Las Vegas Sun

April 25, 2024

Editorial: About-face on Iraq

Some Republican lawmakers evidently are backing away from President Bush's Iraq war policy, as the public's opinion of the war plummets and the November elections approach.

According to a story by the Washington Post on Thursday, congressional Republicans are edging away from President Bush's stay-the-course stubbornness and are saying that they don't have to agree with his every decision about the war. His policy, they say, has left America with two tough choices in the war - to stay and fight or concede defeat to terrorists.

It represents a turnaround for the GOP politicians who have long accused those who question Bush's war policies of being unpatriotic and even sympathetic to terrorists.

Probably the most dramatic of these changes came from Sen. John Thune, R-S.D., who recently told the National Press Club that candidates who want to win re-election this year "obviously don't embrace the president and his agenda."

This, from the same man who, when appearing on television's "Meet the Press" in 2004 with Sen. Tom Daschle - a man Thune later defeated - said Daschle's criticism of Bush's Iraq policy served to "embolden the enemy." Evidently, Thune now figures staying the course emboldens Democrats running against Republicans in November.

Rep. Gil Gutknecht, R-Minn., returned from a visit to Iraq last week calling for immediate troop withdrawals, saying that the situation was worse "than we'd been led to believe." Of Bush's position, Gutknecht told the Post that "I don't think that course is politically sustainable."

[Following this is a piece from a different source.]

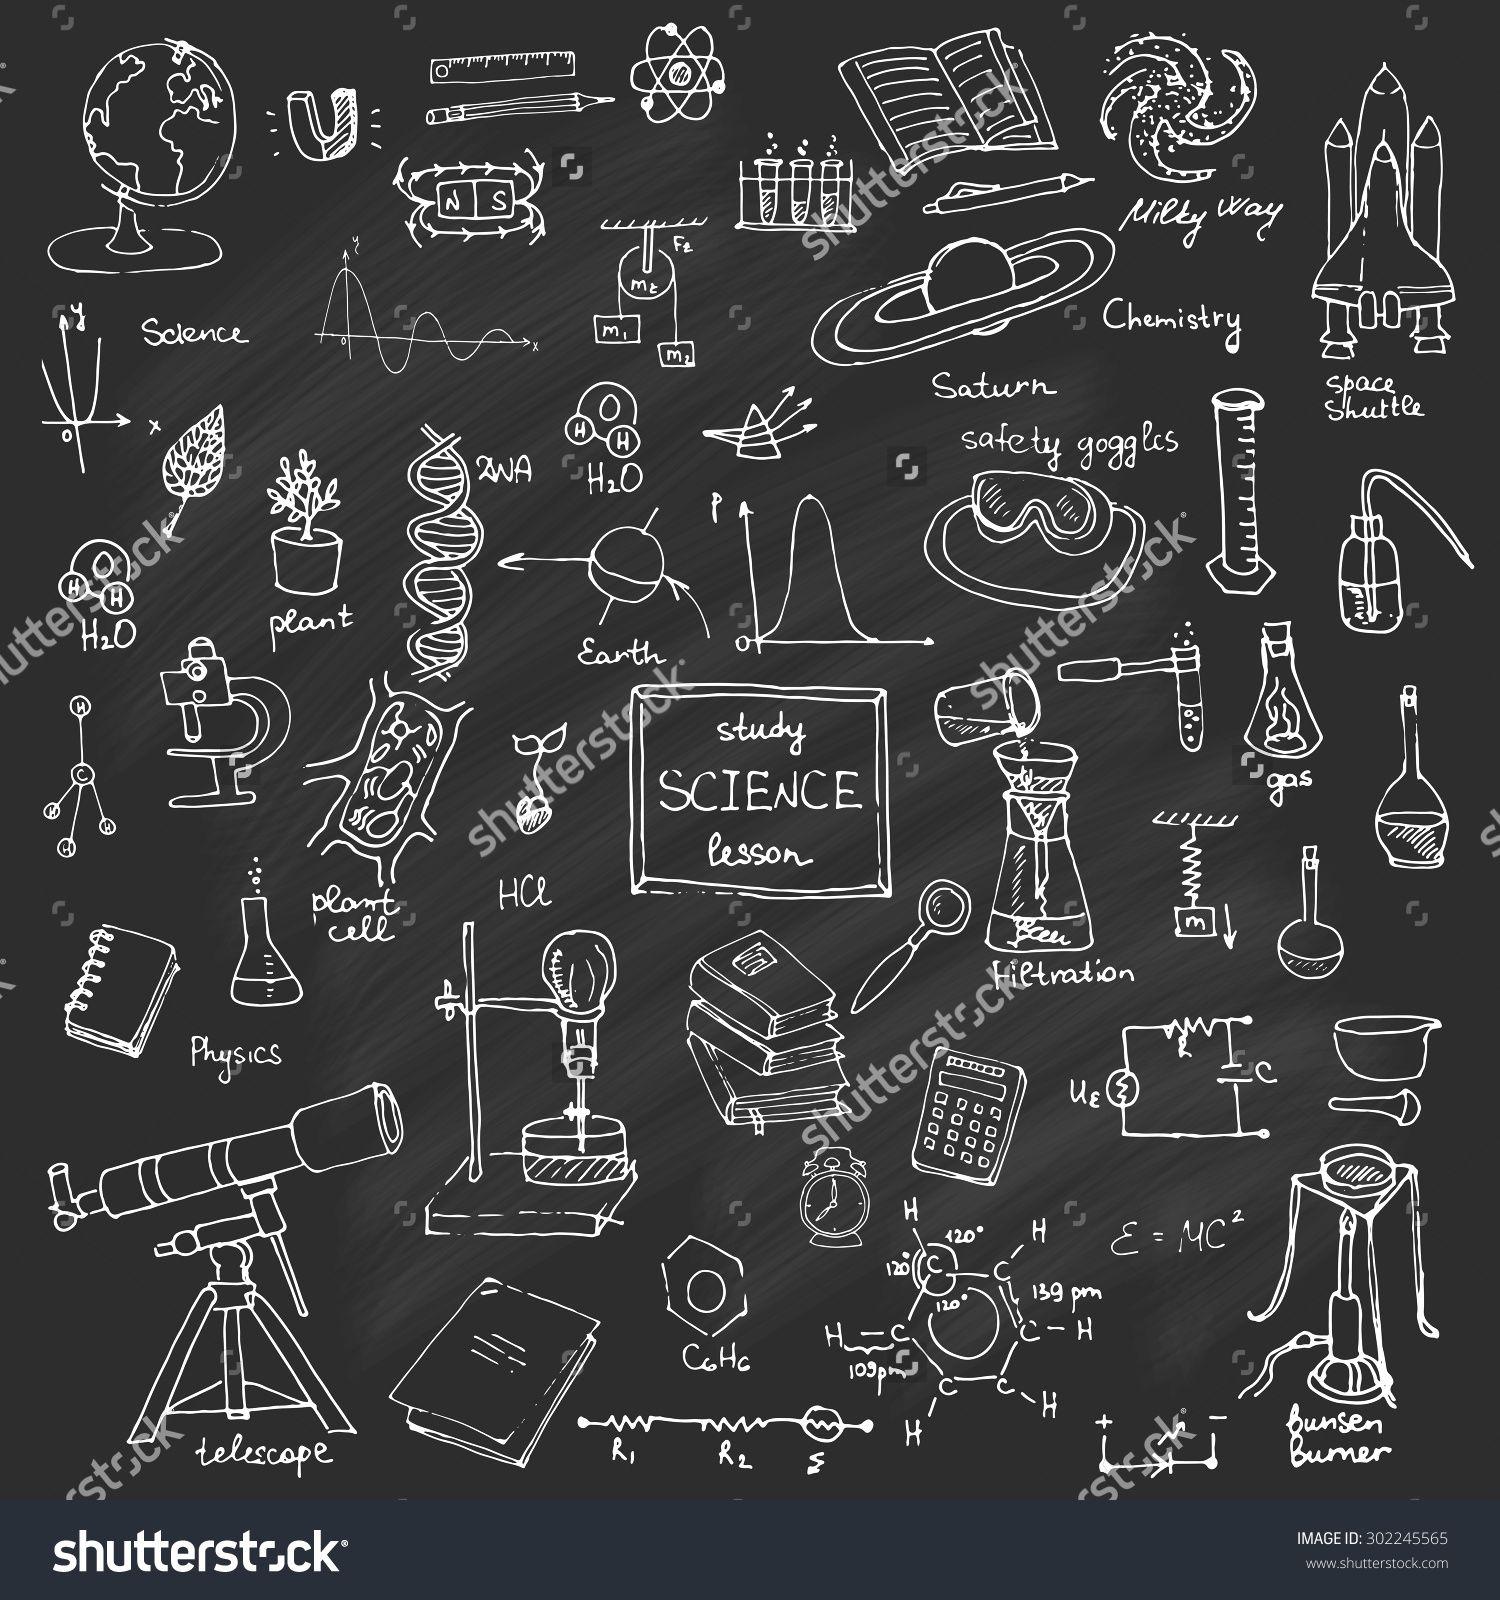 Blackboard clipart science. Freehand drawing school items

How these caged birds are singing now. One would think that the deaths of more than 2,500 American military personnel, the wounding of more than 18,000 others and a death toll among Iraqi citizens that last month alone amounted to an average of 100 a day would have been enough to grab Republican lawmakers' attention long ago.

One would think that maybe the billions upon billions of dollars being stripped from domestic programs and tossed at this war would have at least raised an eyebrow.

A handful of Republicans have criticized Bush's war plan. Yet it has taken an upcoming election and the very real possibility that the Republicans' political heyday could be ending to make the rest acknowledge the death, destruction and economic disaster wrought by the Bush administration's failing Iraq war policy. It is a shame and a disgrace, to be sure. But, whatever works.